Renowned Canadian restaurant critic and food writer Chris Nuttall-Smith describes these Gin Caesar Slushies as “the Bloody Mary’s brash northern cousin.” An avid camper and outdoorsman, Nuttall-Smith’s bestselling cookbook, Cook It Wild: Sensational Prep-Ahead Meals for Camping, Cabins, and the Great Outdoors, provides instructions for preparing each recipe at home in advance as much as possible so it can be quickly assembled fireside. In this case, you make the Caesar mix and cocktails from scratch before freezing them – all you need to do is remove them from the cooler and let them defrost enough to drink. “They’re spicy, savoury and ridiculously refreshing, with a welcome aromatic top note from the gin. Thanks to all their vegetable content, they’re even almost healthful, too, brilliant served with breakfast in the wild,” writes Nuttall-Smith. You can drink them at home, too – we won’t tell.
Gin Caesar Slushies
Ingredients
Caesar Mix
- 1 cup water see note #1
- 20 oz Clamato juice see note #2
- 8 oz gin
- 4 oz jalapeño brine from a jar of pickled jalapeños
- 4 tsp fresh lemon juice
- 1 tsp Worcestershire sauce
- 8 dashes Tabasco
- 1 tsp freshly ground black pepper
- ¼ tsp kosher salt
Cocktail
- Caesar Mix partially thawed (see note #3)

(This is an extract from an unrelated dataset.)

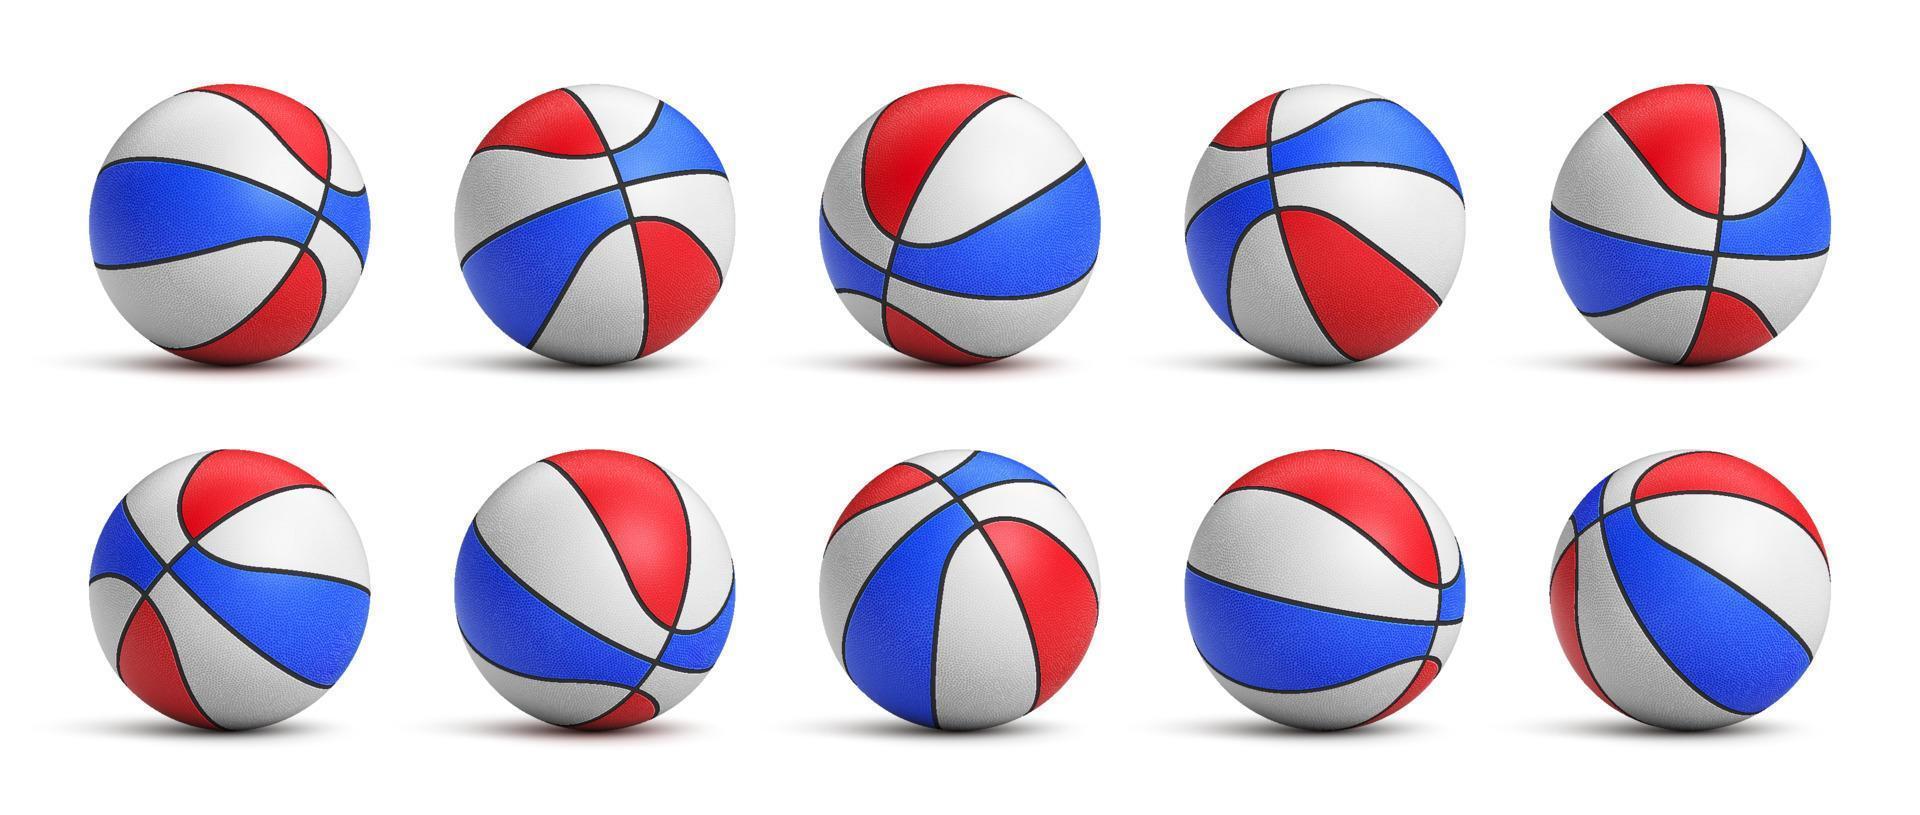 reeks van driekleur basketbal ballen met leer structuur in verschillend posities. realistisch vector illustratie

- celery sticks, olives, pickled beans lemon wedges and other garnishes for serving
Instructions
Caesar Mix
- In a 1.5-litre soda bottle, combine the water, Clamato, gin, jalapeño brine, lemon juice, Worcestershire, Tabasco, pepper and salt. Shake well and freeze for 24 hours.
Cocktail
- Shake the slushy Caesar mix well to break up its ice, pour into all glasses (or crappy camping mugs) and garnish as desired. Serve immediately.
Notes
- These are meant to be imbibed as slushies; if you’d rather drink them on ice, omit the water from the recipe.
- If you’d like a vegan version, or you’re really not into seafood in your cocktails (the drink’s base mixer is Clamato juice) turn this into a Red Snapper (that’s a Bloody Mary but made with gin) by swapping the Clamato for straight tomato juice.
- Cocktails keep for 5 days, after thawing, kept cold, or 2 weeks, frozen.